Final Exam: NUR631/ NUR 631 (Latest 2023/2024 Update) Advanced Physiology and Pathophysiology Exam| Questions and Verified Answers with Rationales| 100% Correct| Grade A- GCU

Final Exam: NUR631/ NUR 631 (Latest

2023/2024 Update) Advanced Physiology and

Pathophysiology Exam| Questions and

Verified Answers with Rationales| 100%

Correct| Grade A- GCU

Q: Fluid in the pleural space characterizes which condition?

a. Pleural effusion

b. Atelectasis

c. Bronchiectasis

d. Ischemia

Answer:

a. Pleural Effusion

Rationale: Pleural effusion is the presence of fluid in the pleural space. page1254

Q: Which medication classification is generally included in the treatment of silicosis?

a. Corticosteroids

b. Antiboitics

c. Bronchodilators

d. Expectorants

Answer:

a. Corticosteroids

Rationale: No specific treatment exists for silicosis, although corticosteroids may produce some

improvement in the early, more acute stages. page 1259

Q: The risk for respiratory distress syndrome (RDS) decreases for premature infants when they

are born between how many weeks of gestation?

a. 16 and 24

b. 20 and 24

c. 24 and 30


d. 30 and 36

Answer:

d. 30 and 36

Rationale: Surfactant is secreted into fetal airways between 30 and 36 weeks. The other options

are not true regarding the timeframe when the risk for RDS decreases. page 1292

Q: What is the chief predisposing factor for respiratory distress syndrome (RDS) of the

newborn?

a. Low birth weight

b. Alcohol consumption during pregnanc

c. Premature birth

d. Smoking during pregnancy

Answer:

a. Premature birth

Rationale: RDS of the newborn, also known as hyaline membrane disease (HMD), is a major

cause of morbidity and mortality in premature newborns. page 1301

Q: What is the primary cause of respiratory distress syndrome (RDS) of the newborn?

a. Immature immune system

b. Small alveoli

c. Surfactant deficiency

d. Anemia

Answer:

c. Surfactant deficiency

Rationale: RDS is primarily caused by surfactant deficiency and secondarily by a deficiency in

alveolar surface area for gas exchange. page 1301

Q: What is the primary problem resulting from respiratory distress syndrome (RDS) of the

newborn?


a. Consolidation

b. Pulmonary edema

c. Atelectasis

d. Bronchiolar plugging

Answer:

c. Atelectasis

Rationale: The primary problem is atelectasis, which causes significant hypoxemia and is

difficult for the neonate to overcome because a significant negative inspiratory pressure is

required to open the alveoli with each breath. None of the other options are considered a primary

problem associated with RDS. page 1301

Q: Which statement best describes cystic fibrosis?

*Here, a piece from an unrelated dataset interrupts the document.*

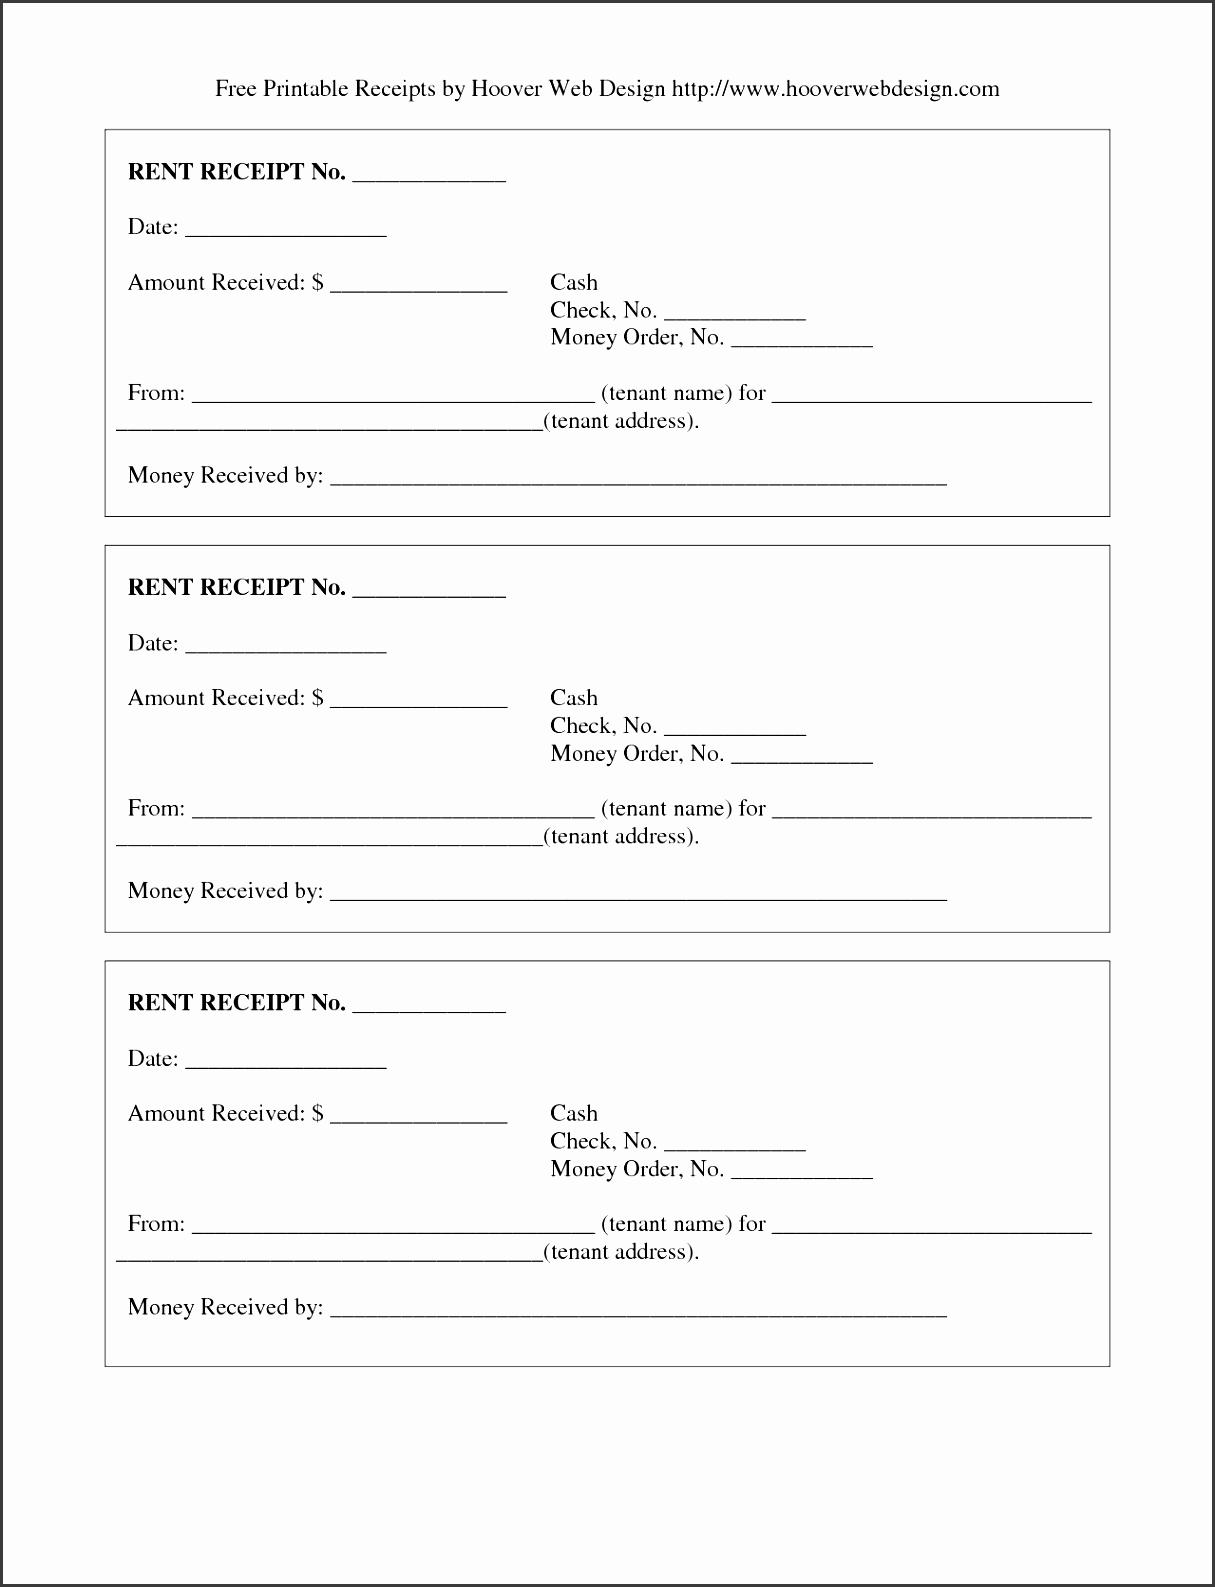 4 printable receipts printable receipt printable receipts 4 printable receipts room rental receipt room rental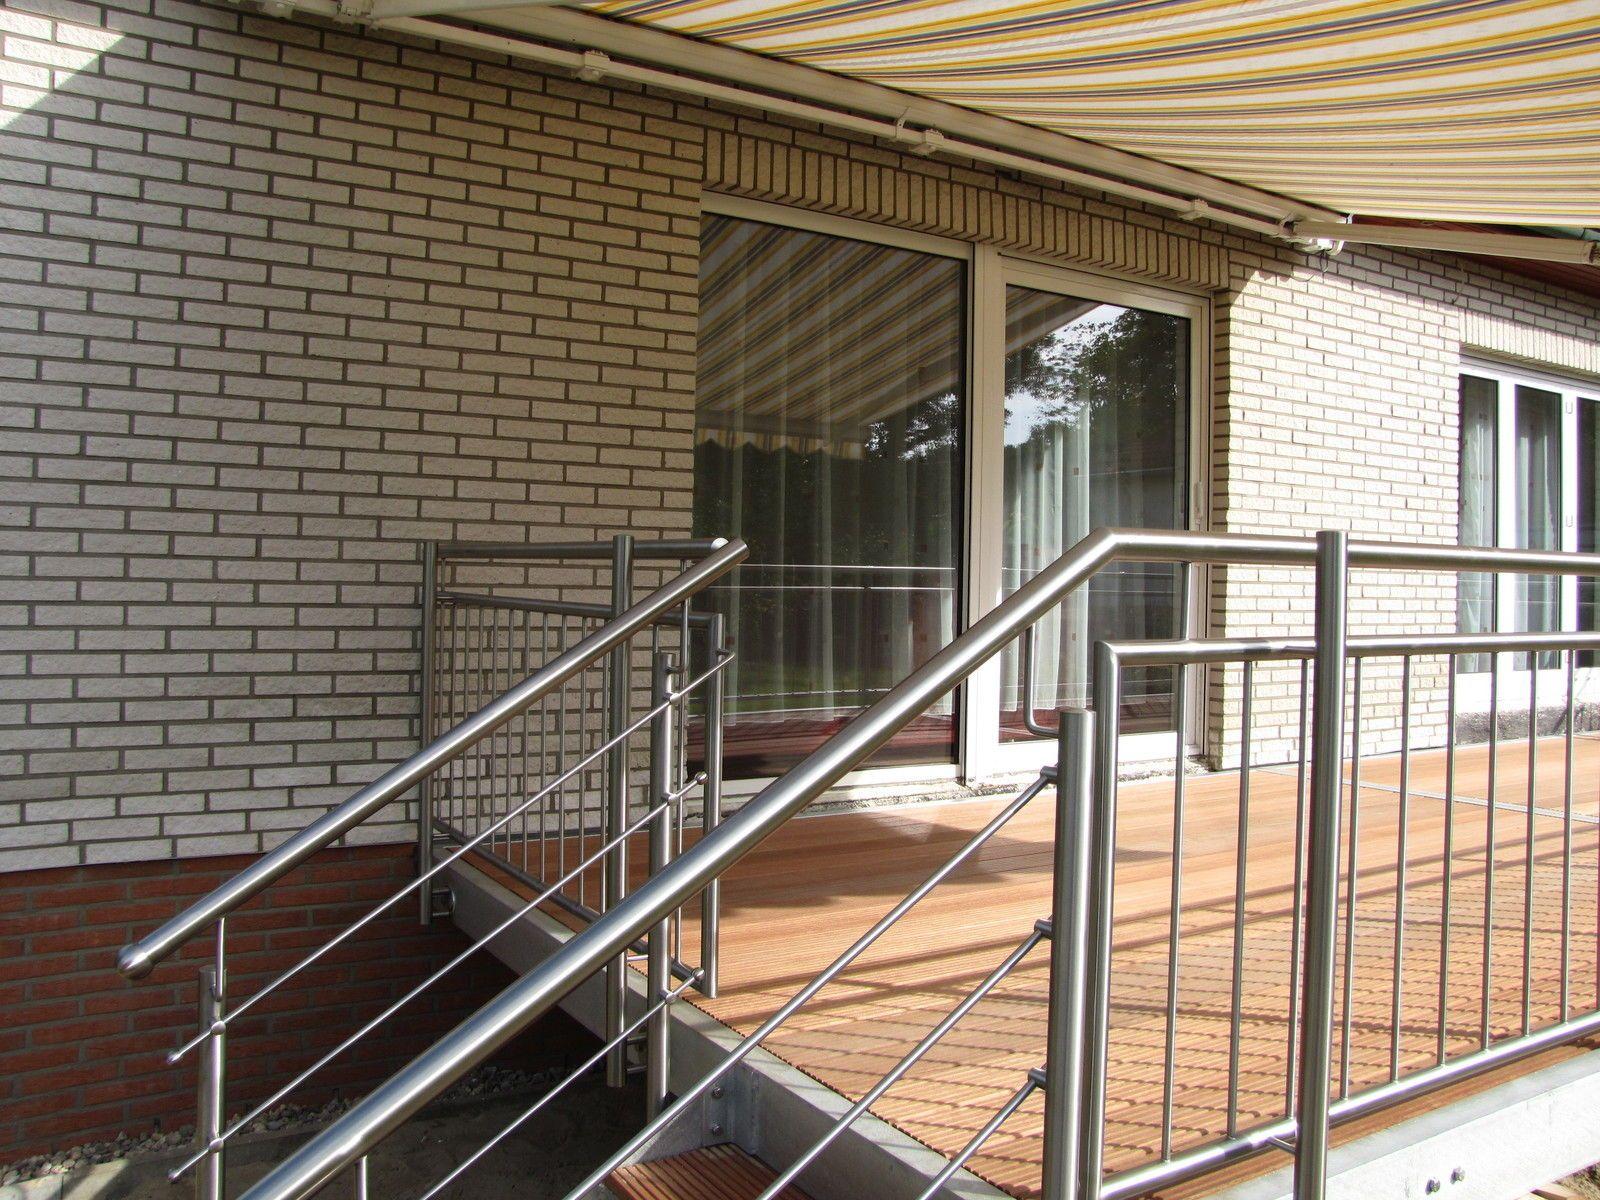 Gut bekannt Terrasse Balkon Anbaubalkon + Wangentreppe Außentreppe verzinkt UH18

a. Obstructive airway disease characterized by reversible airflow obstruction, bronchial

hyperreactivity, and inflammation

b. Respiratory disease characterized by severe hypoxemia, decreased pulmonary compliance, and

diffuse densities on chest X-ray imaging

c. P!ulmonary disorder involving an abnormal expression of a protein-producing viscous mucus

that obstructs the airways, pancreas, sweat ducts, and vas deferens

d. Pulmonary disorder characterized by atelectasis and increased pulmonary

resistance as a result of a surfactant deficiency

Answer:

c. Pulmonary disorder involving an abnormal expression of a protein-producing viscous mucus

that obstructs the airways, pancreas, sweat ducts, and vas deferens

Rationale: Cystic fibrosis is best described as a pulmonary disorder involving an abnormal

expression of a protein-producing viscous mucus that obstructs the airways, pancreas, sweat

ducts, and vas deferens. This selection is the only option that accurately describes cystic fibrosis.

pages 1310-1311

Q: Cystic fibrosis is caused by which process?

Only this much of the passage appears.